━━ Extracted data ━━
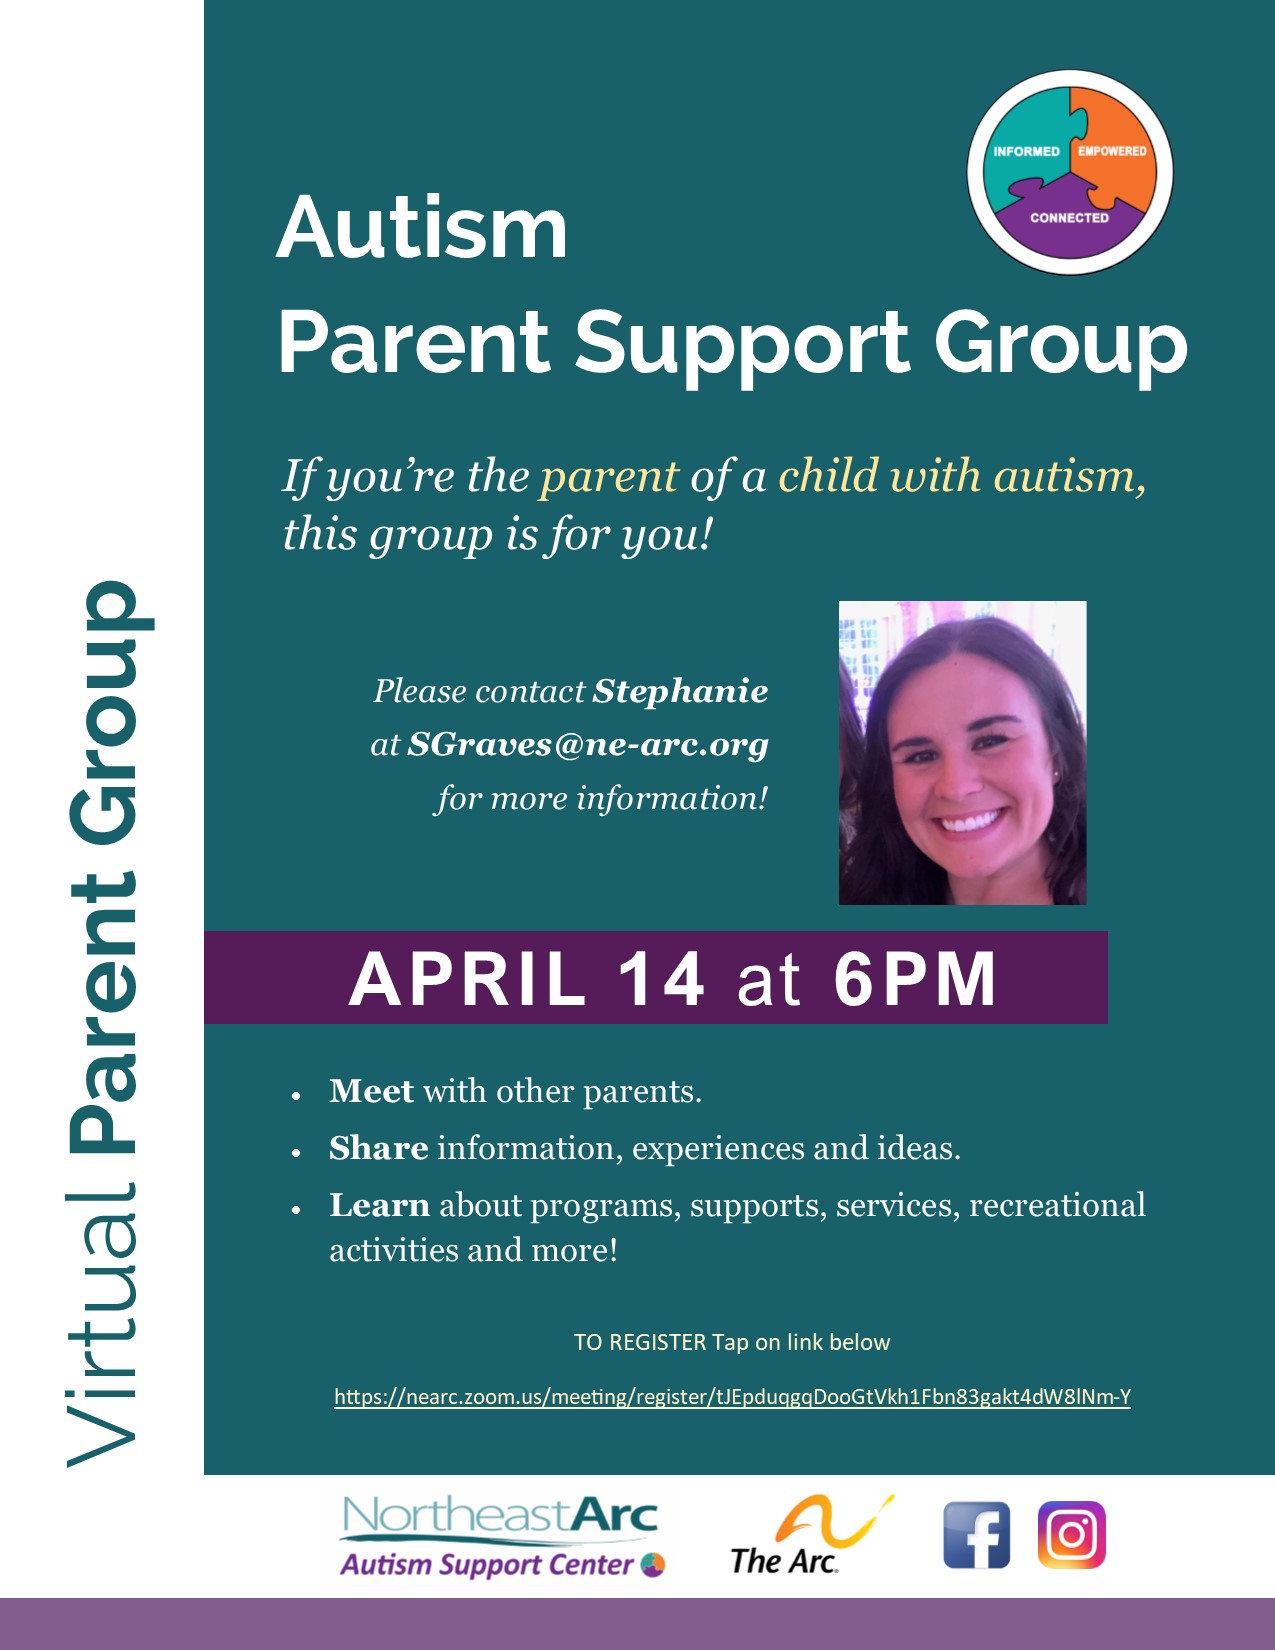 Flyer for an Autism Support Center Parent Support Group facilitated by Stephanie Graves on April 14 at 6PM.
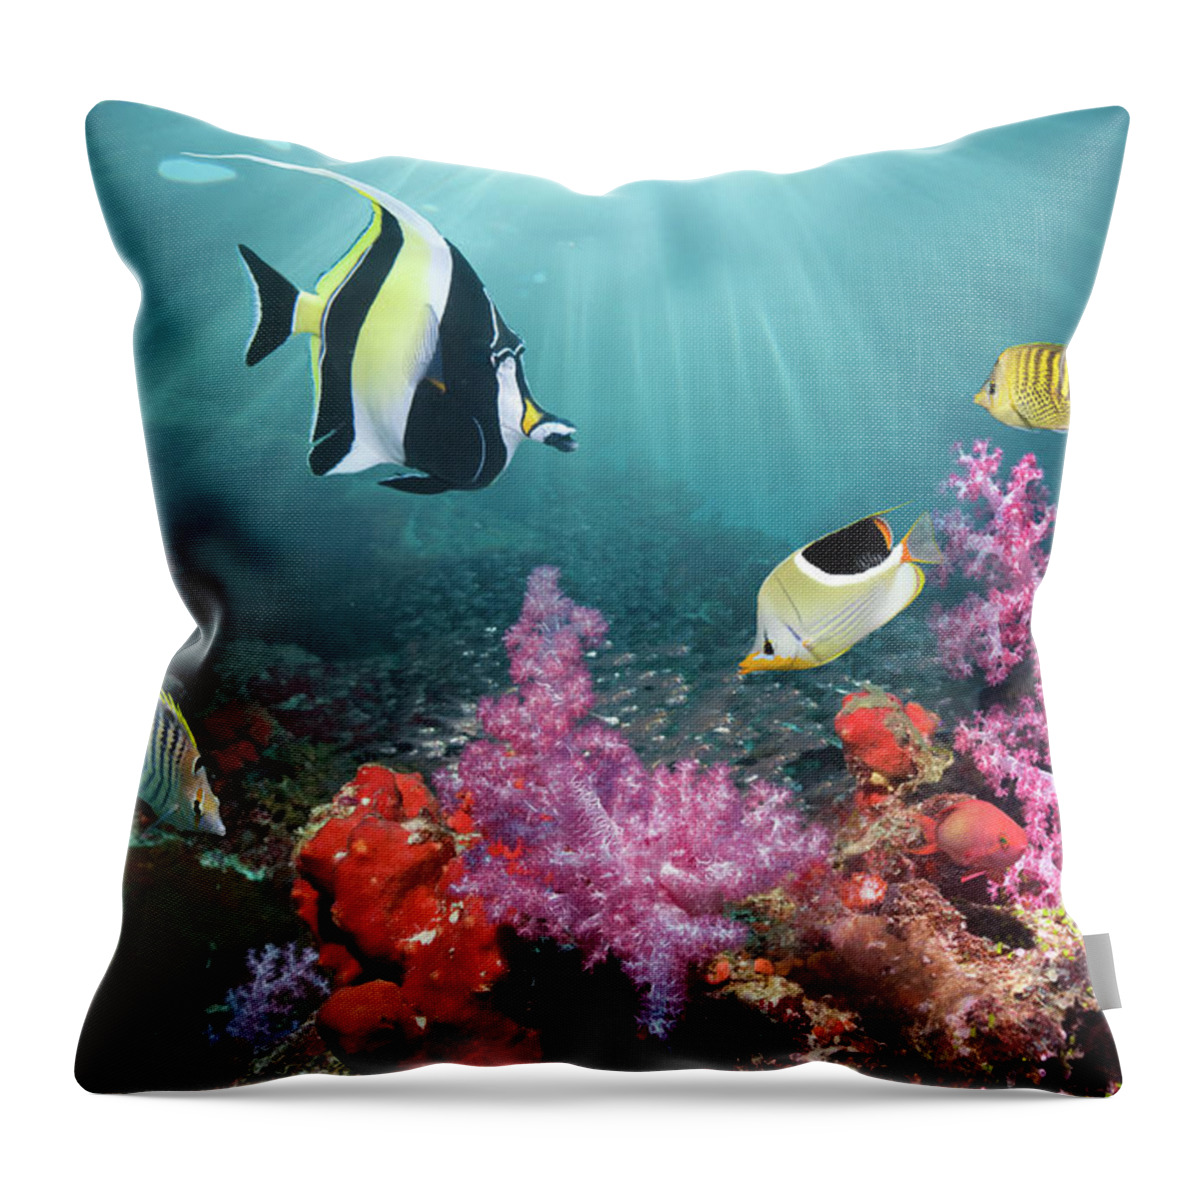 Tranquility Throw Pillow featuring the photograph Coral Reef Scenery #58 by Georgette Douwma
━━━
━━ Extracted data ━━
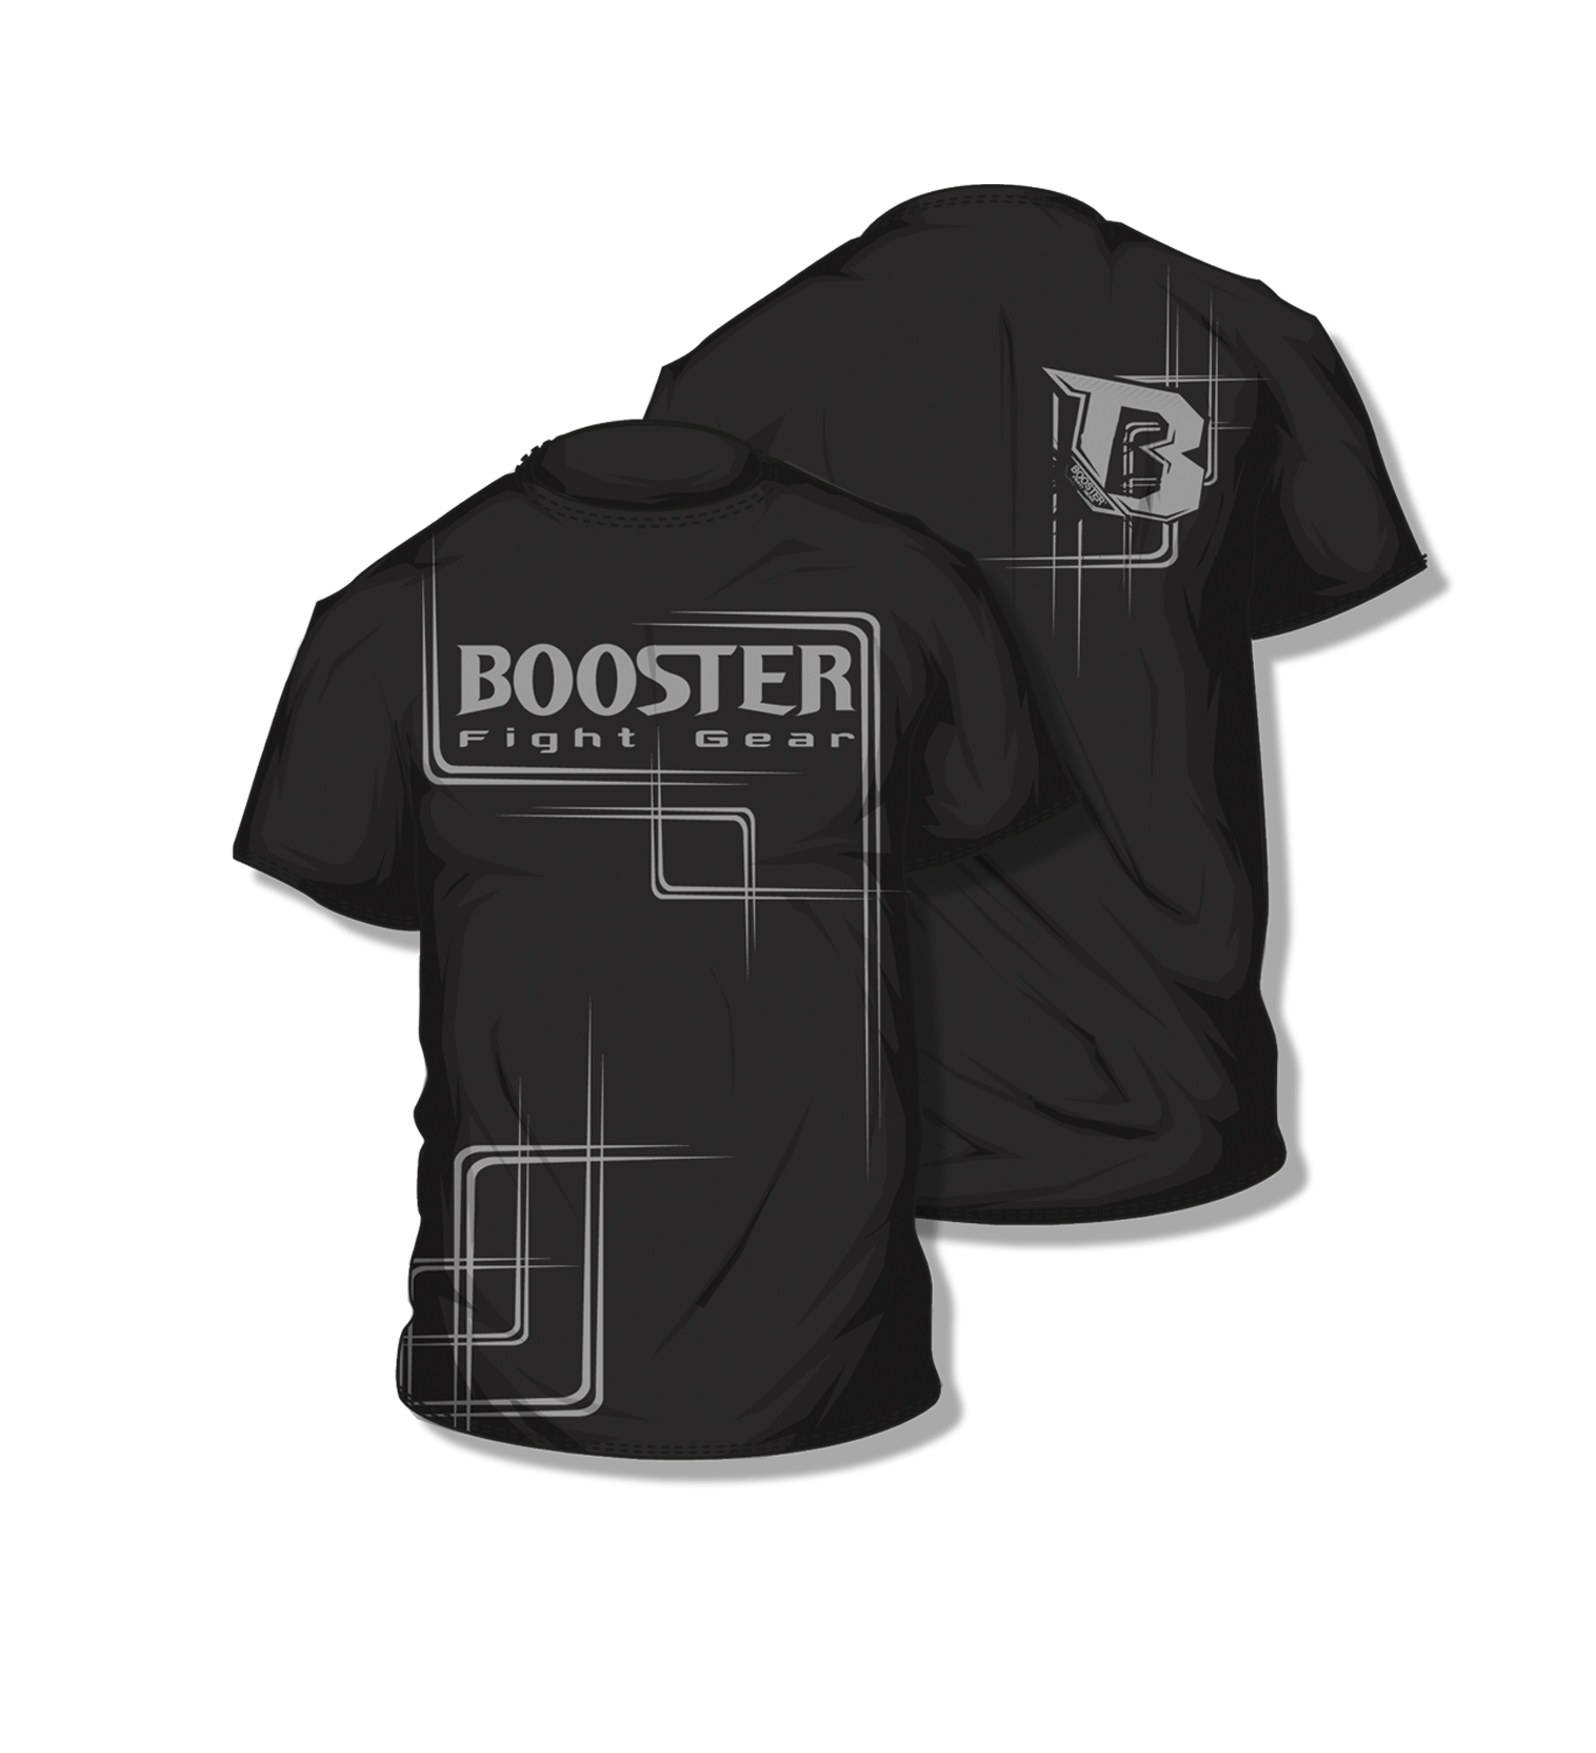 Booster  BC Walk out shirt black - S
━━━
━━ Extracted data ━━
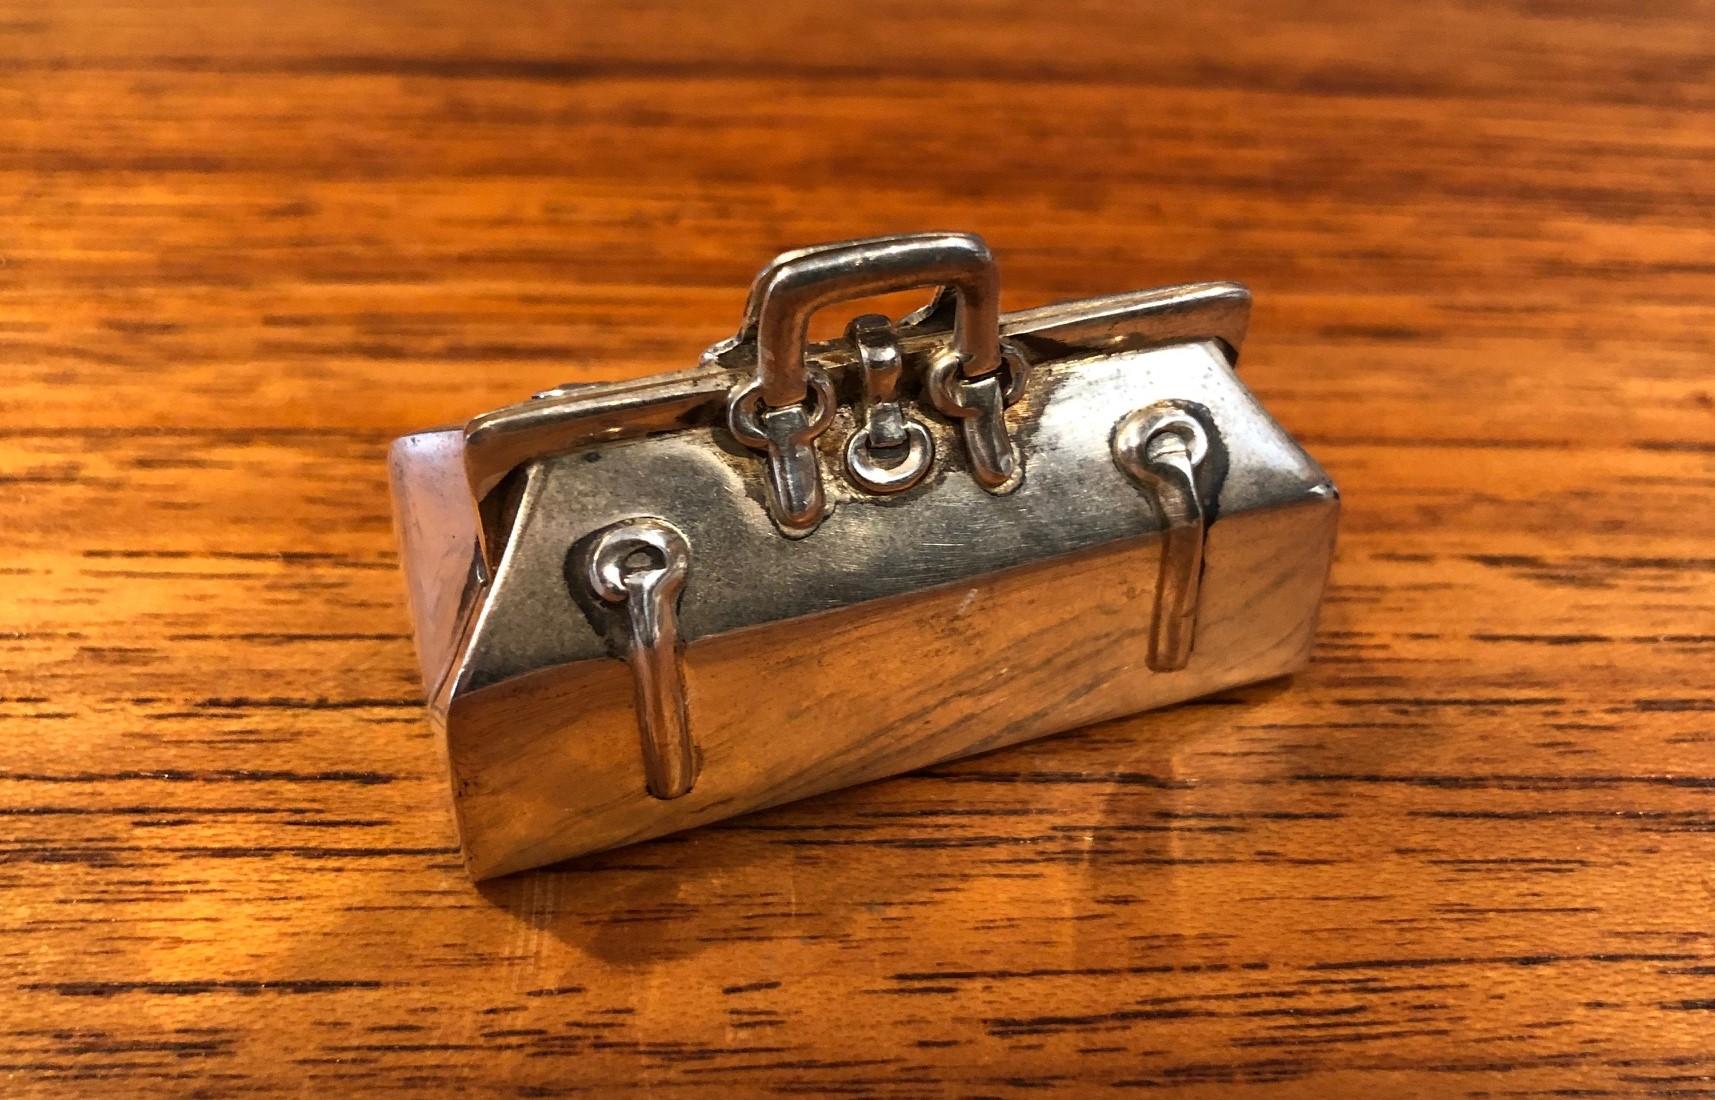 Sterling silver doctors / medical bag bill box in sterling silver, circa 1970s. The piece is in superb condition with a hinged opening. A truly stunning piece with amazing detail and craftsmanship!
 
━━━
▸ **Task requirements**
Above are the records; copy from them only the lines starting at the one containing "Flyer for an" and ending at the one containing "Tranquility Throw Pillow", exactly and without pictures.

▸ **Reply to the task**
 Flyer for an Autism Support Center Parent Support Group facilitated by Stephanie Graves on April 14 at 6PM.
 Tranquility Throw Pillow featuring the photograph Coral Reef Scenery #58 by Georgette Douwma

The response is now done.